Dudé mucho antes de ir a ver la película. Mi mamá jamás lo hubiera hecho, eso de dudar. Me habría comprado la boleta con un paquete gigante de crispetas y un vaso de Coca-Cola y ya.
Esa frescura de los papás de antes frente a lo que veían sus hijos en cine o tv, iba de la mano con la creencia de que la gaseosa podía meterse en una pirámide alimenticia decente. Eran los ochenta: Naranja Postobón al almuerzo y “Los ricos también lloran” a la comida. Mis papás jamás se cuestionaron sobre las secuelas que nos podían dejar los colorantes, los conservantes, los azúcares refinados o los dramas de Verónica Castro. A ningún adulto se le pasaba por la cabeza que algo así pudiera afectar la sensibilidad infantil. Nosotros nos sentábamos frente a la tele dieran lo que dieran, saboreando deliciosas porquerías.
La preocupación de los papás contemporáneos sobre lo que consumen los hijos (comida, tv, películas) es completamente nueva. Leemos las etiquetas de todo lo que compramos en el supermercado y antes de ir cine escudriñamos opiniones, reseñas y consejos sobre las películas y programas en foros y grupos de internet.
Eso hice yo con Dumbo. Que no era apta para niños menores de 7 años, que había que llevarse una caja de pañuelos, leí.
-¡Pero si es de Disney, no seas tan ridícula! – me dijo una amiga que no tiene hijos.
Pues tal vez sí, mi amiga tenía razón. ¿Acaso podría ser este Dumbo moderno más trágico que los capítulos completos de “Corazón”, que me vi cuando casi todos mis dientes eran de leche? La serie manga japonesa se basaba en el libro de Edmondo de Amicis y en cada episodio los muñequitos eran matoneados, abandonados y maltratados. Todavía recuerdo mi angustia con la canción de Marco, el niño que se fue en barco (¡en barco!) desde Italia hasta Argentina buscando a la mamá. Pero el drama de la serie era acentuado por la estética manga, pues las lágrimas de los sufridos infantes nunca terminaban de caer en un desahogo liberador, sino que se quedaban temblando en un ojo de Garofi o Ernesto por segundos interminables.

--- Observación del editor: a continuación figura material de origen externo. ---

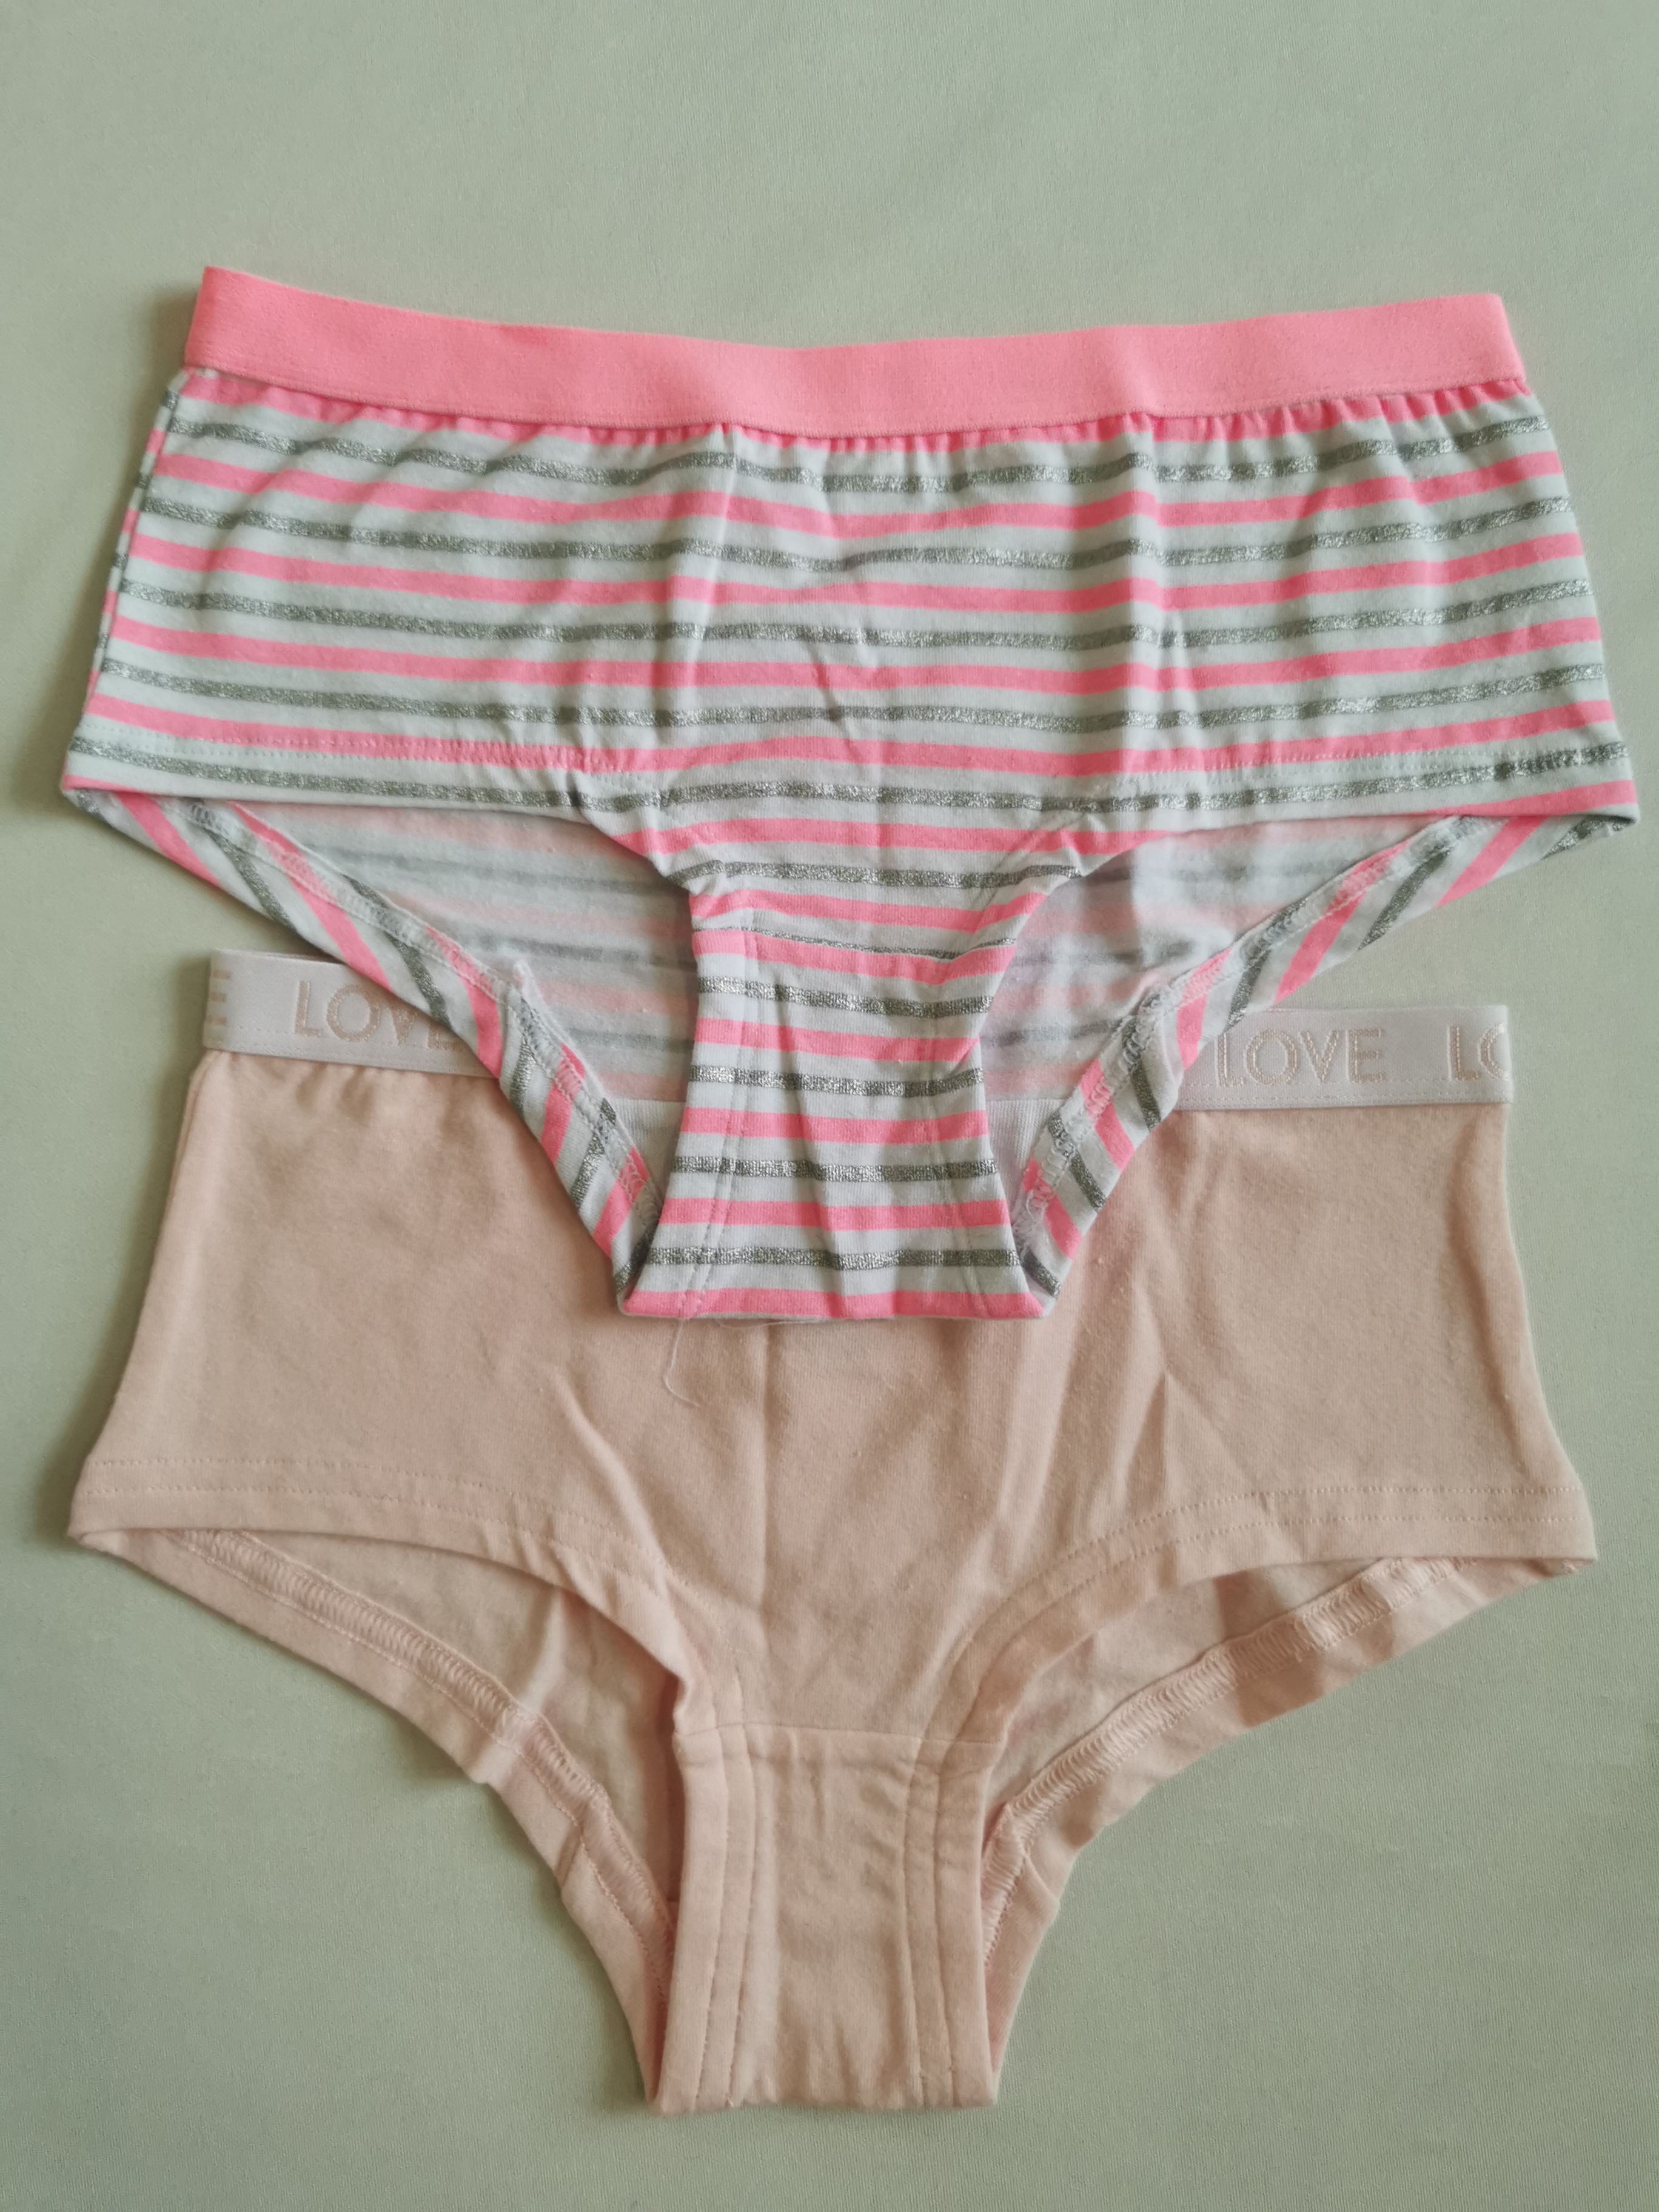 Ladies' brief women's panties bikini cotton spandex printed solid hot selling

Con qué cara le iba a poder negar a mi hija ver Dumbo si yo a los 5 años no me iba a dormir los viernes en la noche hasta que no me veía completos los capítulos de “Zafiro y Acero” una serie inglesa y magistral (que es casi lo mismo) pero escalofriante sobre una pareja que resolvía misterios de la dimensión espacio-tiempo.
Además desde que nació mi hija conté las horas, las semanas y los meses para que llegara ese anhelado día en el que ella iba a tener el nivel de atención suficientemente sostenido para ver una película completa. ¿Y ahora yo misma me estaba saboteando la posibilidad de ir a cine, por fin? No era justo. Así que decidí dejar de lado las opiniones ajenas de internet: nuestra primera vez en cine juntas iba a correr por cuenta de Burton.
Entramos con Aurora en la sala. La preparé para la versión más oscura del elefante volador:
-En las escenas tristes, te tapas los ojos, ¿vale?
-Vale, -me dijo metiéndose una manotada de crispetas en la boca. Eso sí, de tomar le llevé jugo de mandarina y estuve a punto de hacer como mi abuela que mandaba a mi mamá a cine con un banano, pero temí apachurrarlo en mi cartera repleta, así que desistí.
Nos divertimos, nos emocionamos, nos reímos y lloramos. Se tuvo que tapar los ojos solo dos veces y la escena de los niños volando sobre Dumbo me recordó a la de Atreyu en “La historia sin fin”.
Burton será dark, pero nunca más dark que José Miel. Y si yo sobreviví a la historia más dramática jamás contada de una abeja que dura 50 capítulos buscando a la mamá, mi hija sobreviría a Dumbo.